For years I thrived in the soup kitchen of my new family. And then one day I began to crave the dignity of my own family traditions.
What I had seen as empty and tension-fraught displays were actually beautiful expressions of gratitude.
Thanksgiving affords an opportunity to take the process of preparing, serving and eating out of the commonplace. On Thanksgiving we treat our guests to the best we have.
When we garnish a plate, we don’t do it to be better or fancier or to make more work for ourselves – we do it as a gesture of love and respect. It is an offering. When’s the last time you saw a Styrofoam take-out container at an altar?
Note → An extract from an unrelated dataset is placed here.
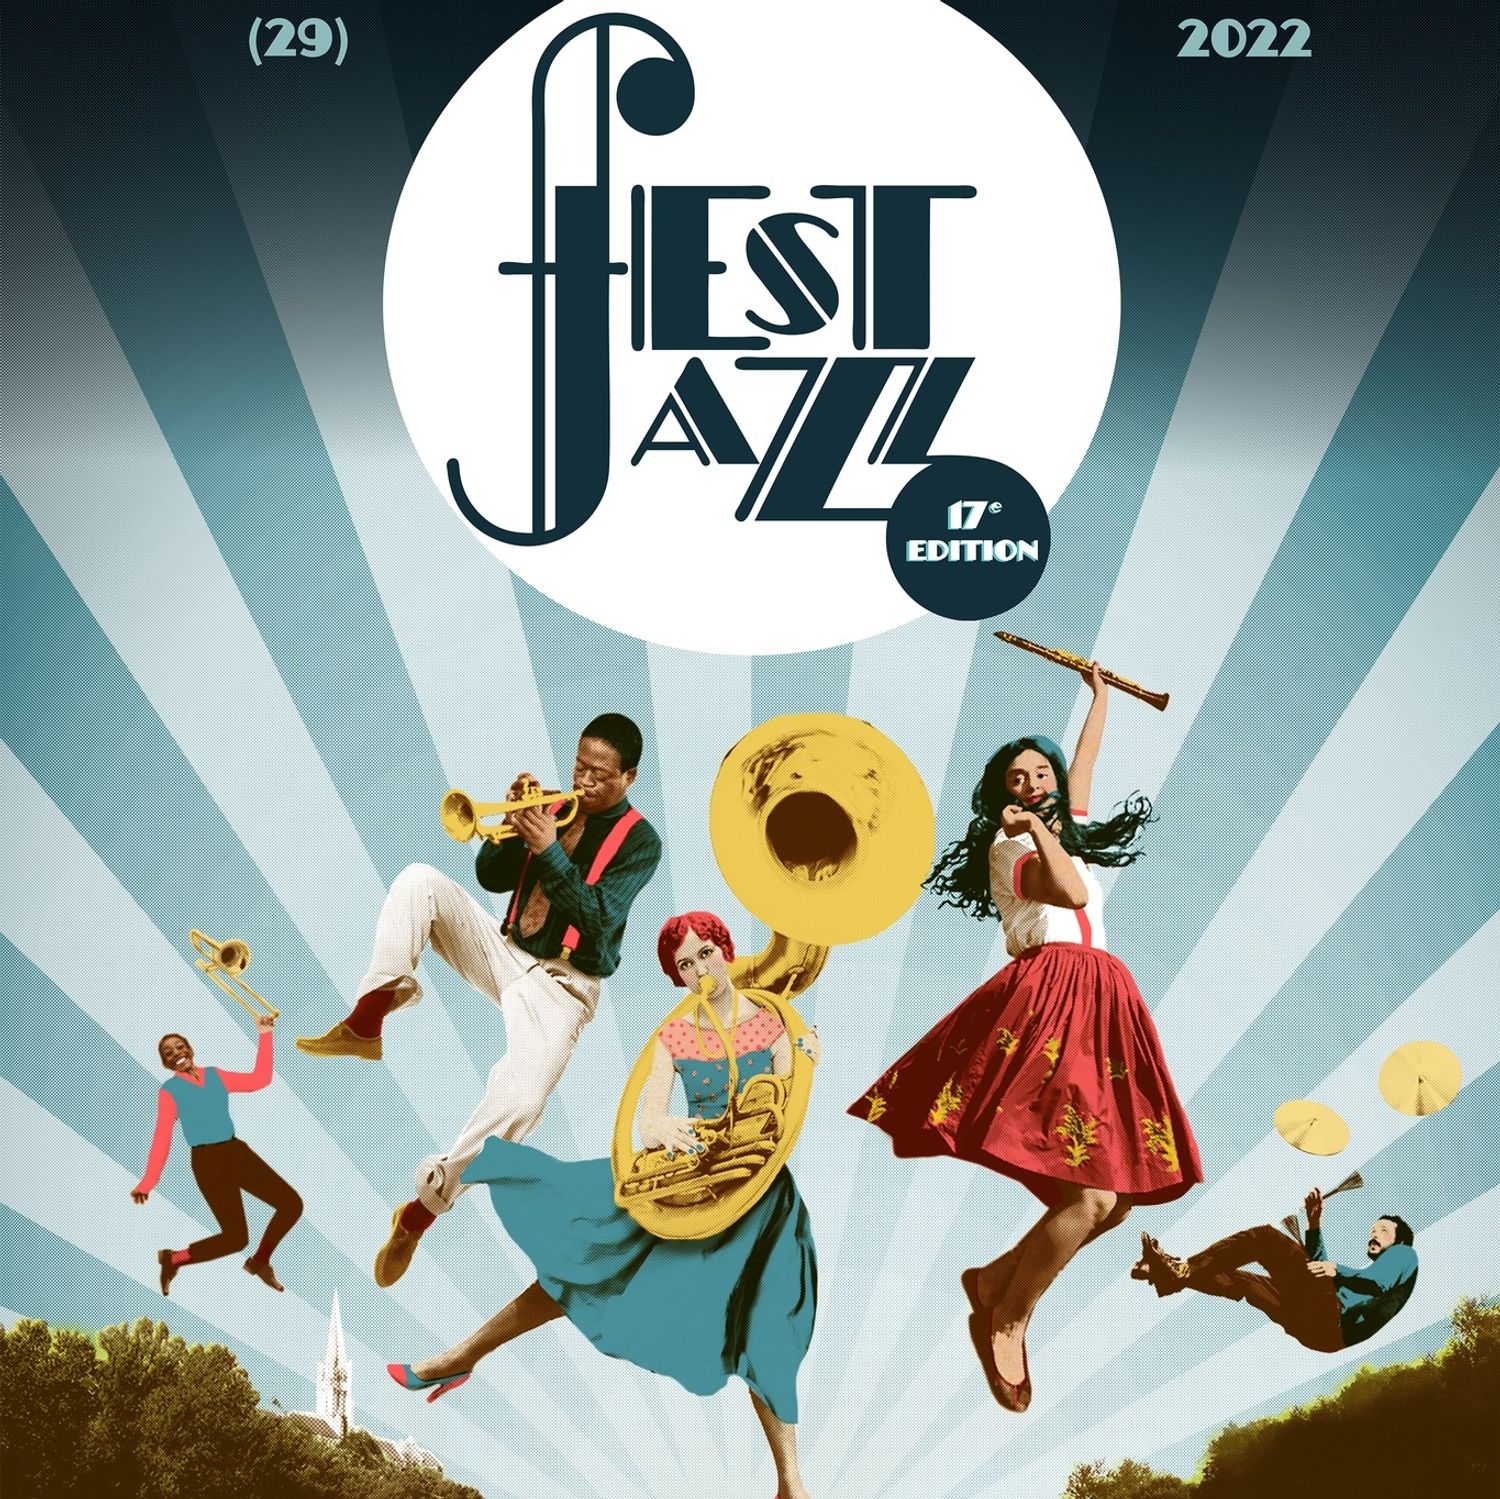 Fest Jazz 2022

When I say we give the best of what we have, I do not mean crystal glasses and silver serving dishes (although if you have them, this is the time).
My mother-in-law opened her home to everyone she knew. Her best was a generous heart and a large collection of forks.
When we iron our impossibly long linen table cloths and polish our impossibly black silver candlesticks, we do it in the spirit of gratitude, not tedious obligation. The process of preparation is like a prayer – in which radish rosettes are rosary beads.
When ritual loses its fundamental meaning and becomes a series of things we do, the prayer part goes missing, taking the blessing with it.
“Thanksgiving” is an in-and-out kind of word. It inhales thanks and exhales giving. It can’t only do one, or it will pass out in the turnips.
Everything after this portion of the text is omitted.